In more detail, the pipeline prepares the xml files from beastgen and a specified template (pre-configured templates can be found in the data/beast/beast_templates directory). By default, the pipeline uses the skyline histlog template. The pipeline then patches the xml to fix the naive sequence in time using the beast_template_root_fix.py script before running BEAST on the patched xml files.
Quick start
There's a testing set of sequences in the data/beast/ directory. To run the beast pipeline on this data (with a small number of MCMC iterations for quick execution), you can use the following command:
nextflow run beast/main.nf --chain_length 1000 --log_every 100 -profile docker -resume
Pipeline parameters
-
--seqs
is a string parameter specifying a file path pattern to the fasta files containing the naive and observed BCR sequences.

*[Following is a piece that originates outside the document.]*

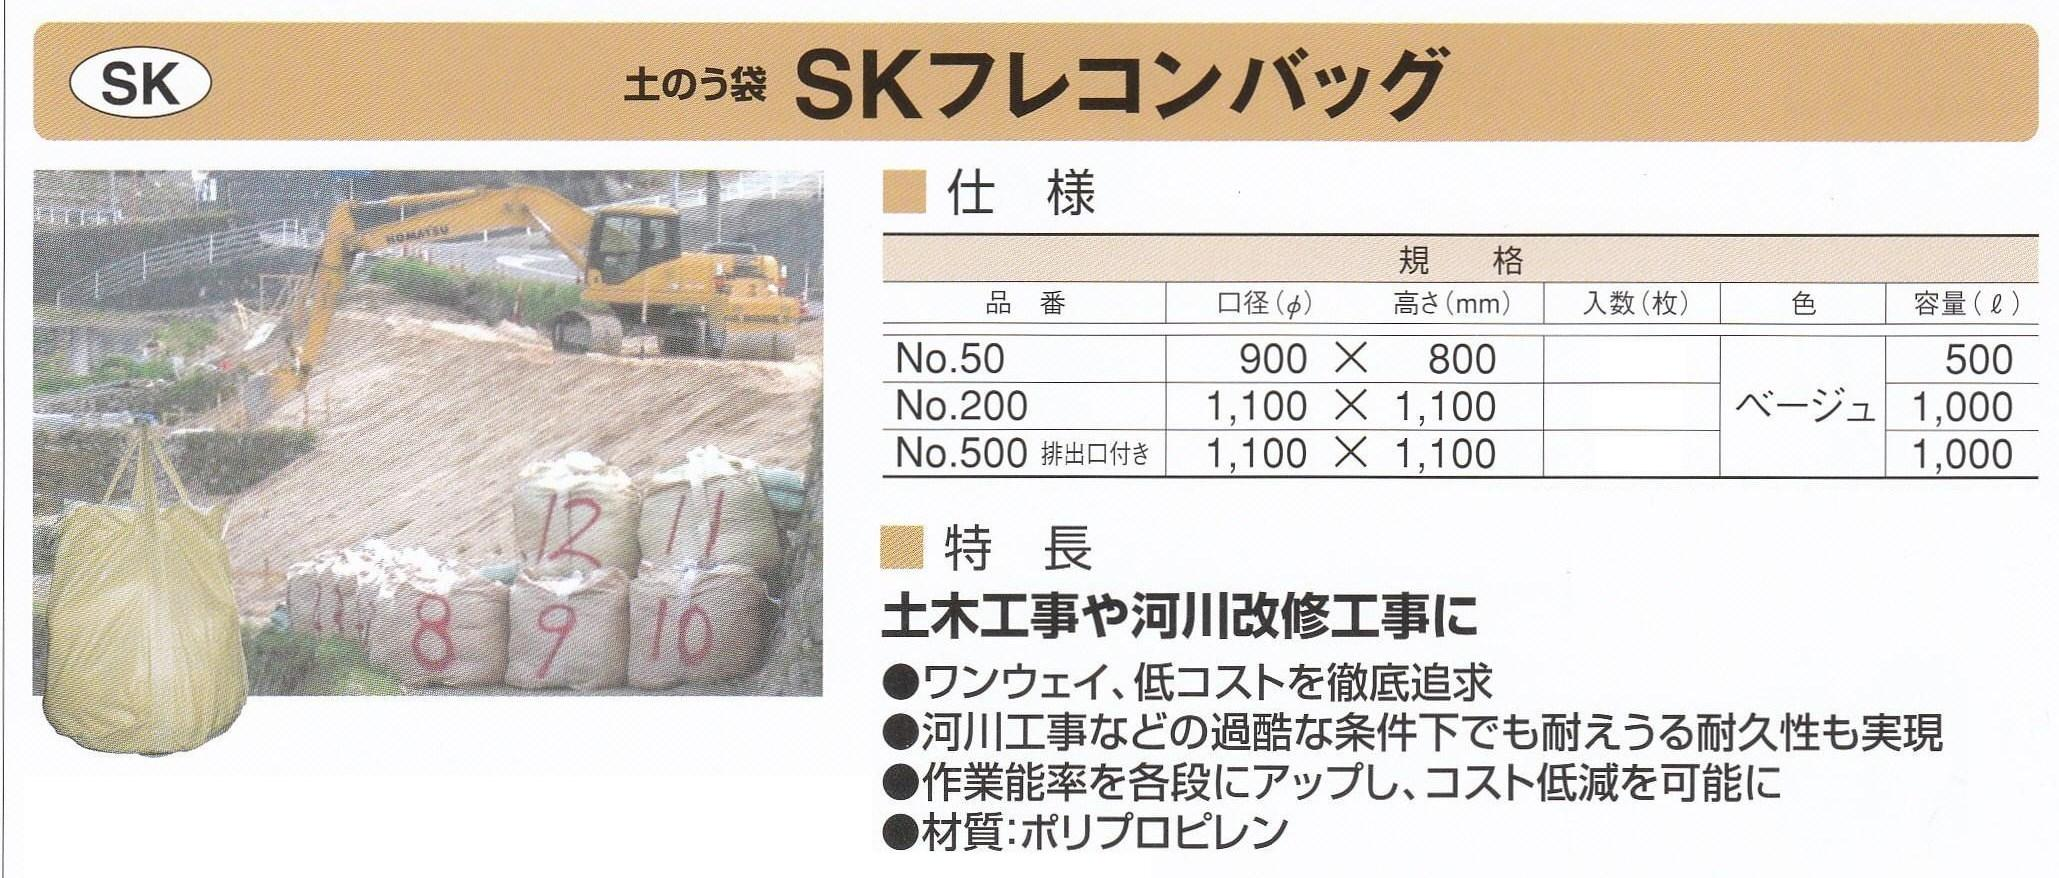 SKフレコンバッグ#500 排出口付 送料無料!(1100パイ×1100mm高さ 30枚/セット)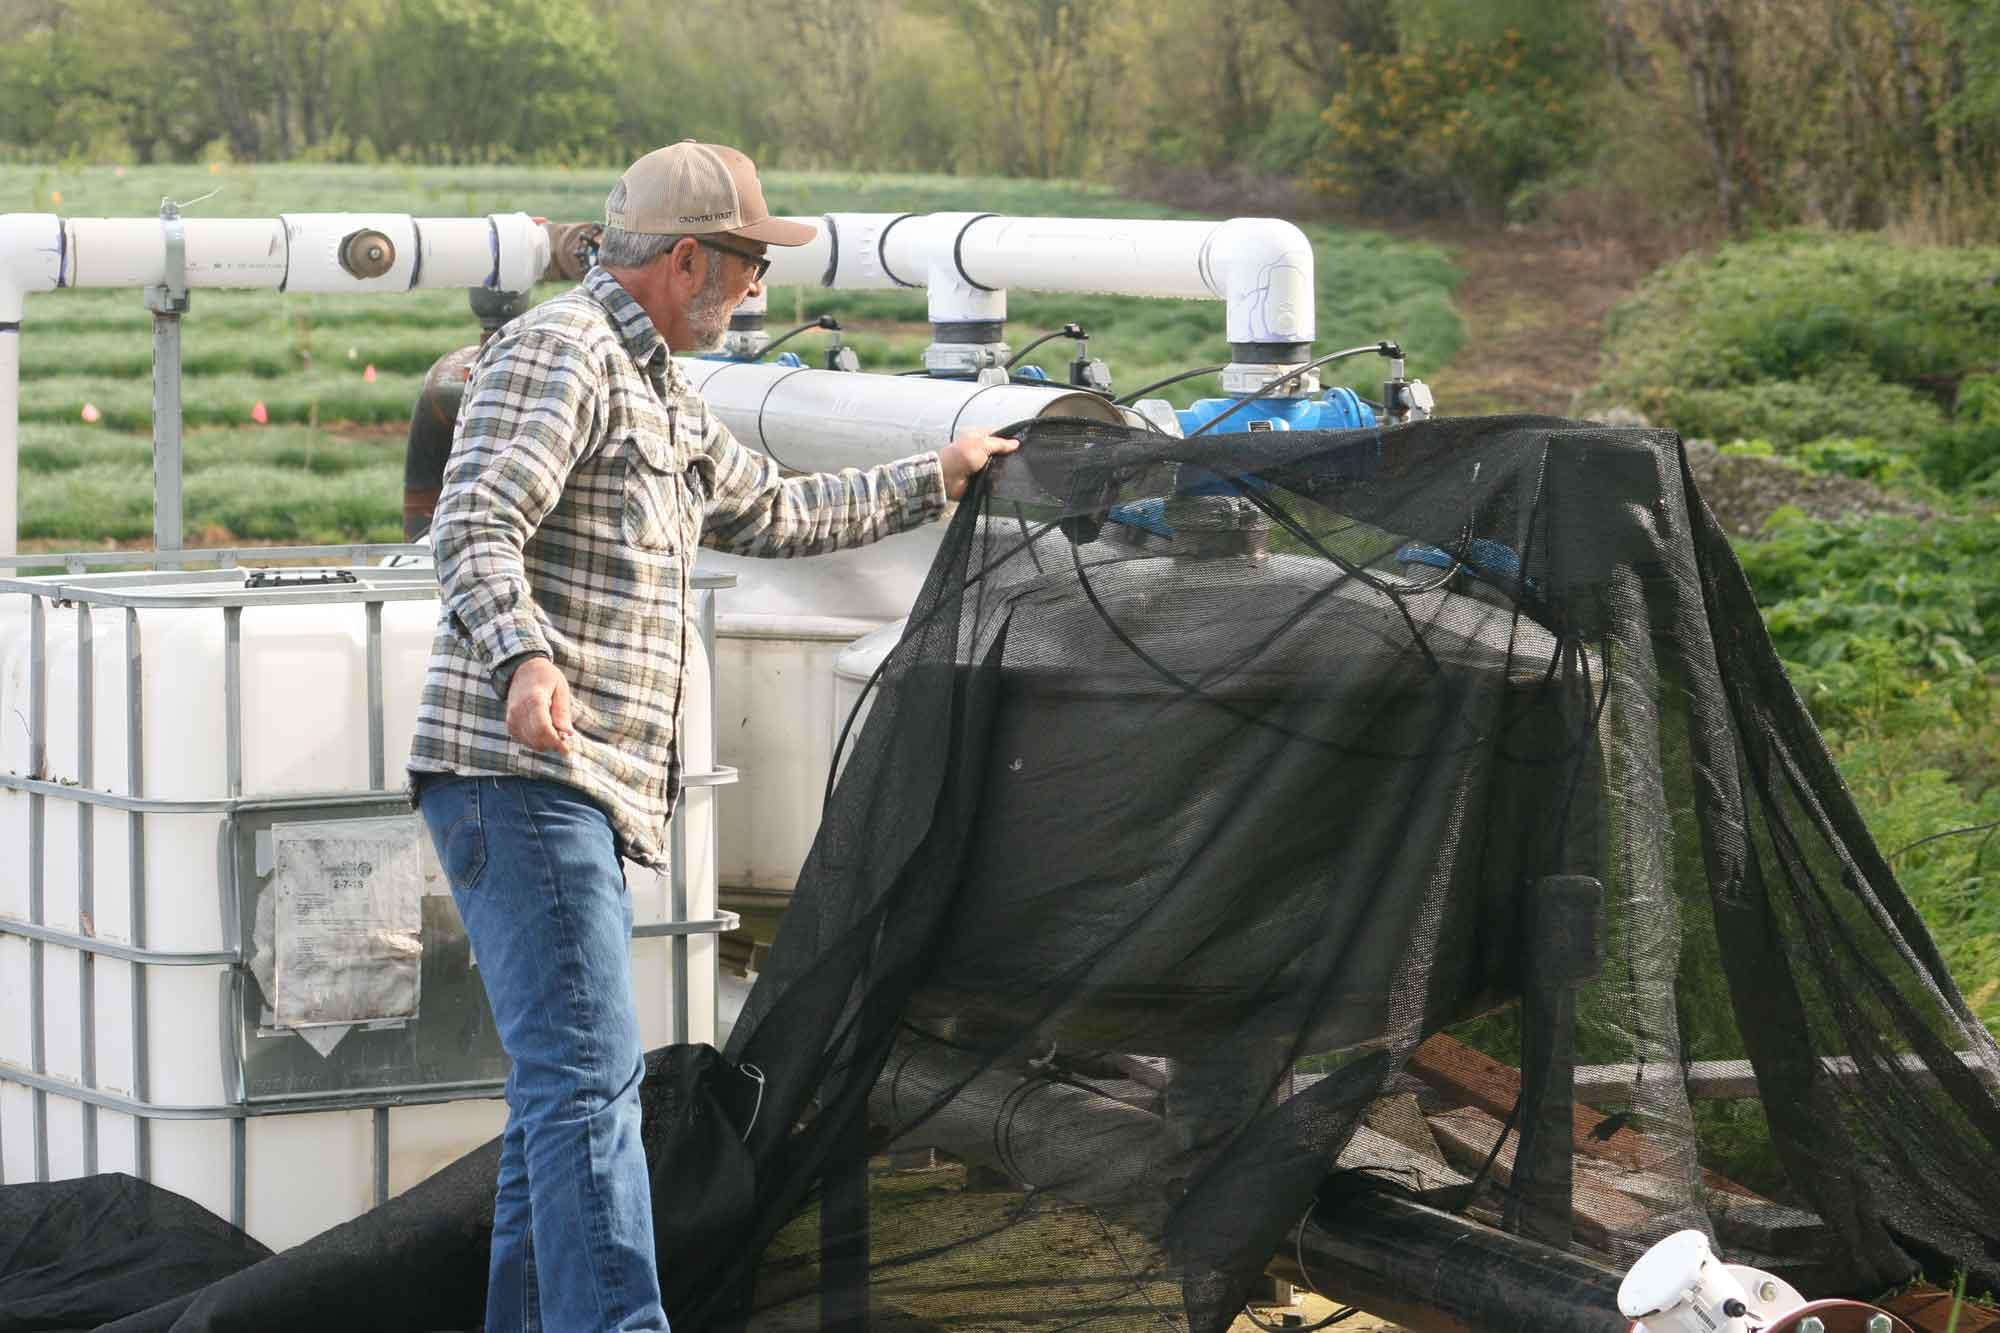 Preparing for irrigation season

The beast pipeline will be run on each of the files matching this pattern. -
--beast_template
is a string parameter specifying the path to the beast template file. The pipeline will use this template to generate the xml files for the beast runs. -
--results
is a string parameter specifying the path to the directory where the results of the beast runs will be stored. -
--chain_length
is an integer parameter specifying the number of MCMC iterations to run the beast for. -
--log_every
is an integer parameter specifying the interval at which MCMC-step trees are recorded. -
--convert_to_ete
is a boolean parameter specifying whether to convert the beast trees to ete trees. -
--dms_vscores
is the url to the dms variant scores for adding phenotypes to the ete converted trees. -
--dms_sites
is the url to the dms sites for adding phenotypes to the ete converted trees. -
--burn_frac
is the fraction of the chain to discard as burn-in instead of converting to ete. -
--save_pkl_trees
is a boolean parameter specifying whether to save the ete trees as pickle files. This can be very memory intensive when there are many logged tree iterations for each tree.